An Embraceable View
The Marin County hillside home designed by
Gustave Carlson strikes a balance between modern
pied-À-terre and cozy retreat—while maximizing some
remarkable views
Gustave Carlson’s renovation of a Marin County hillside
tract home grazes the natural landscape with the lightest of
touches. Steel posts and concrete piers hold the cantilevered
house nearly 30 feet above the rolling terrain, while the exterior
colors, cued by the flora of lavender and fescue, pull it into
the embrace of the surrounding hills. From the outside, the architectural
statement is subtle but apt for a weekend retreat that abuts
the open space of a land trust. The owners wanted warmed-up contemporary
styling that did not clamor for attention, and the Berkeley-based
architect delivered.
For this house, though, the larger story takes place on the
inside. The architecture emphasizes
the sweeping view of Tiburon’s port, the bay, and San Francisco.
Even for a region full of beautiful
vistas, this exposure is among the best around. And for the Los
Angeles–based couple who
bought the 1960s-era house, it sealed the deal.
Turning the drab, outdated house, which Carlson describes as
being in “a state of
aesthetic disrepair,” into a contemporary haven was up
to Carlson and Southern California
interior designer Carolyn Lawrence. The two had collaborated
some 10 years earlier in the
design and construction of the same homeowners’ primary
residence in L.A. The reprise was
just as easy for the designer-architect duo—both banned
details of architecture or furnishings
that would interrupt the visual flow to the outdoors, and selected
colors that would pay tribute
to the panorama.
“My goal was to recast the house as a clean and modern
pied-à-terre without turning it into
a white box,” says Carlson. As a weekend home, it didn’t
need more square footage, especially
when enlarging the 30-by-30 footprint would mean running Marin
County’s permit-approval
gauntlet. Instead, Carlson solved the home’s inadequate
circulation by wrapping a deck around
the upper level and enclosing the lower level to create a sleeping
porch for the master suite. The
specter of the white box faded further with the addition of Western
red cedar shingles and
painted fasciae and decking.
On the inside, Carlson stripped the remnants of the 1960s. Out
went a brick-faced
fireplace (including pizza oven and extensive planters), drab
cabinetry, and dated lighting.
That left him with 2,000 square feet of cleared space in which
to realize a spare, well-designed
and well-crafted home showcasing its best feature. He diverted
the flow of the living spaces
toward the view by moving walls, enlarging windows, and expanding
the decks. He also minimized
linear distractions by controlling the placement of structural
features, selecting windows
that don’t divide the light, and installing tempered glass
in the deck rails. Each element helps
frame the vista, and the interior color palette harmonizes the
interaction between indoor and
outdoor worlds.
Carlson’s mantra, “Err on the side of simple,” works
for this getaway home, especially partnered
with his corollary, “Don’t overdesign.” Essential
to the pared-down architecture is extensive
custom cabinetry. The dining and living rooms alone have 36 linear
feet of cabinets as
well as open, cantilevered shelving for display and storage.

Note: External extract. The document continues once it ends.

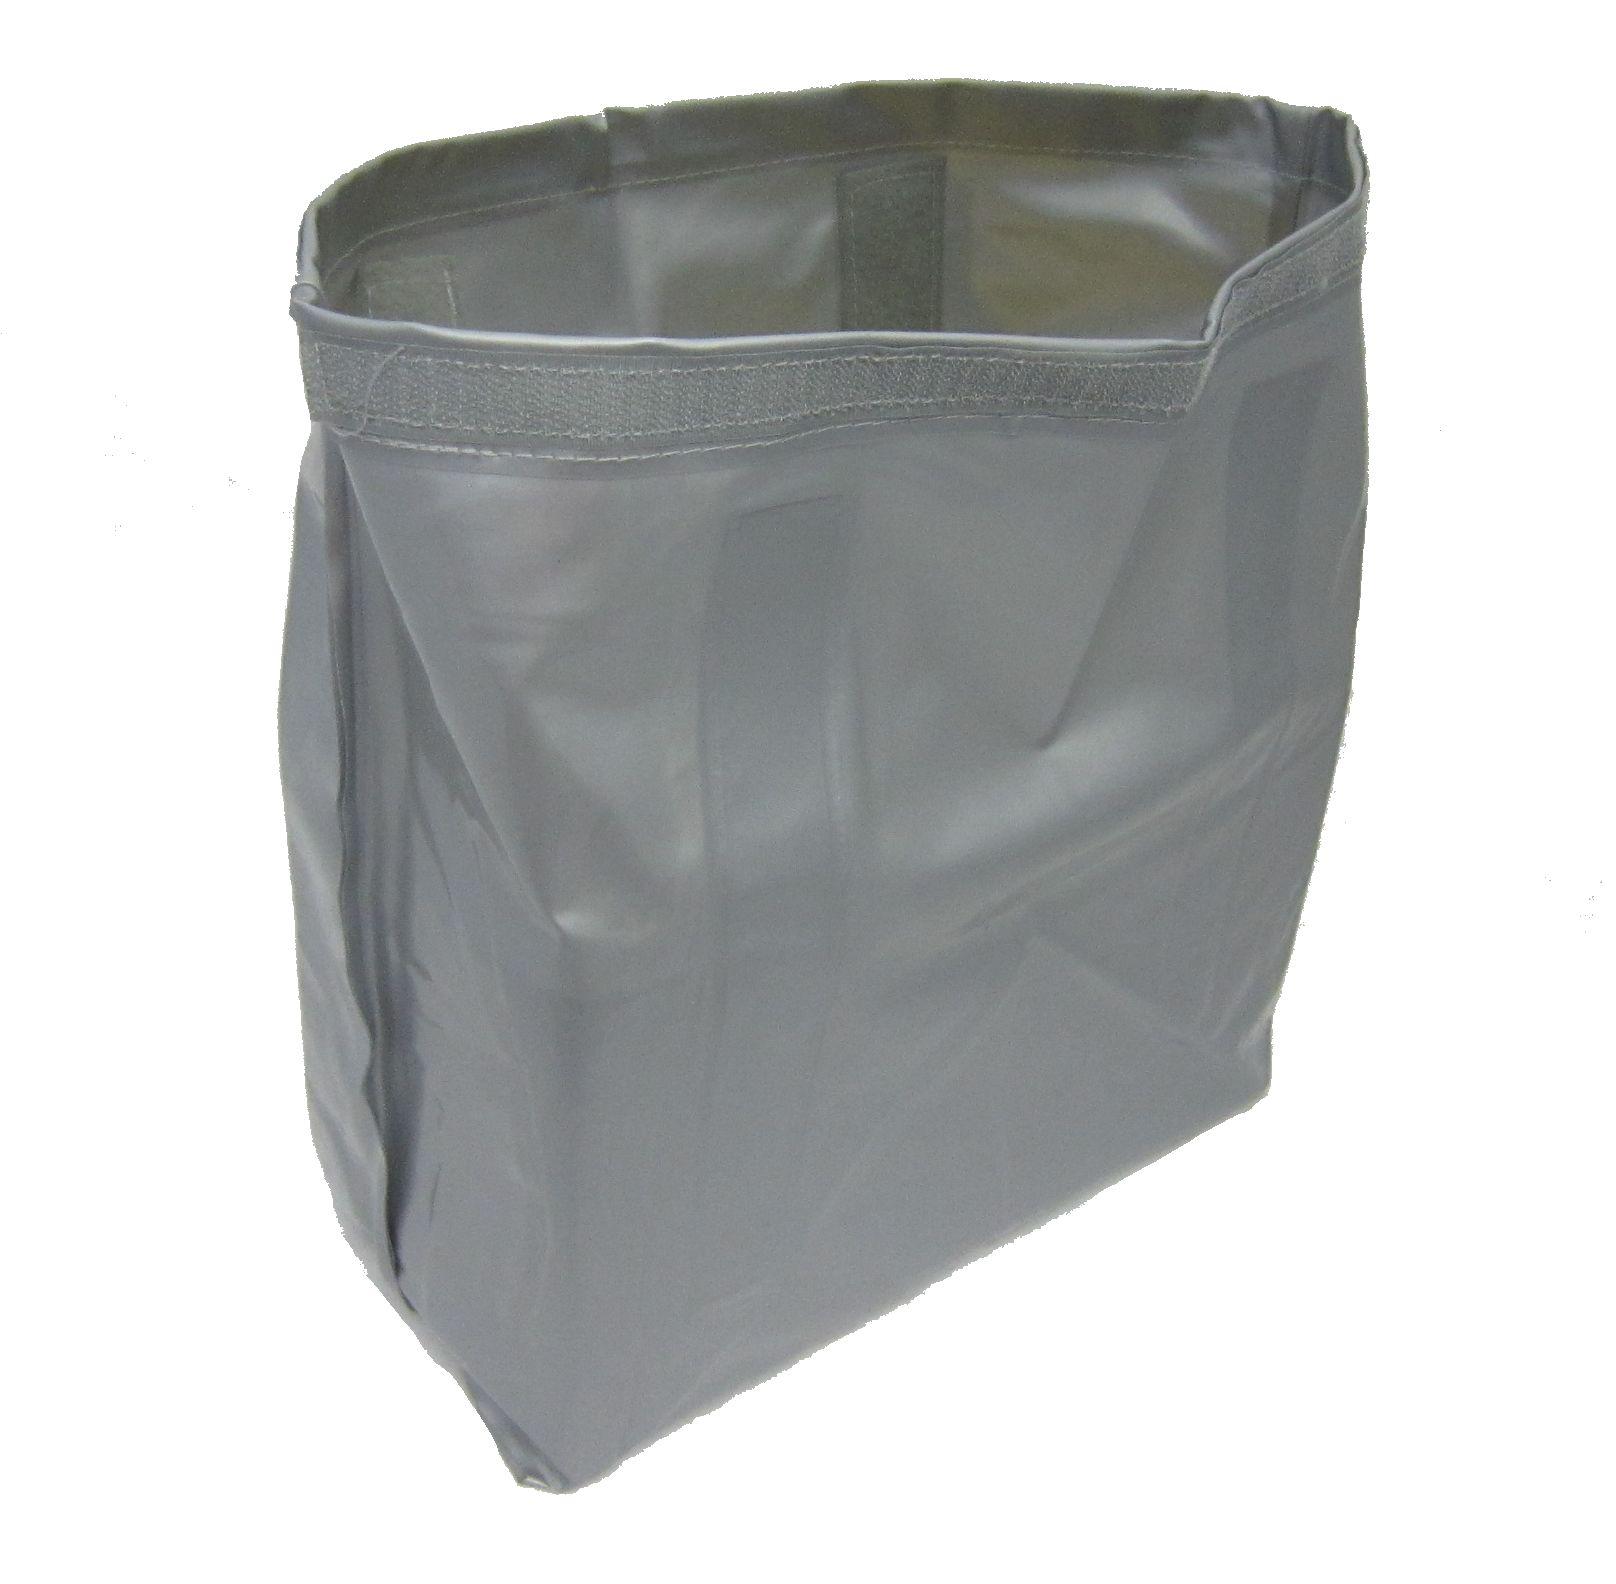 Mountable Cooler Replaceable Liner Bag

The built-ins, which have presence
without bulk, are unembellished except for a minimal reveal of
brushed nickel pulls and a
dramatic espresso-brown finish. Furniture from Christian Liagre,
a line renowned for its sleek
modernity and exquisite detailing, sets a tone of elegant comfort
in the social and private rooms.
Minimalist decorative accents add rich textures and sculptural
drama.
The kitchen, once a closed galley configuration with worn appointments,
is now an open
L-shaped space with an extended peninsula. Where the other
spaces have minimal colors, the
kitchen draws from a broader palette: eggplant cast-concrete
countertops, glass tiles in greens
and lavenders, and custom cabinetry stained red cedar. Even
though the owners, who are uprooted
San Franciscans, come to Tiburon to decompress, the kitchen
has resources for extensive
use and an ambient warmth for family-centered entertaining
with teenage children and assorted
friends.
Carlson’s reimagined box is the perfect weekend hideaway:
a forthright, modern, and userfriendly
haven suitable to its pastoral setting. And that jewel of a vista?
Well, from every spot,
indoors and out, it is the constant embraceable view.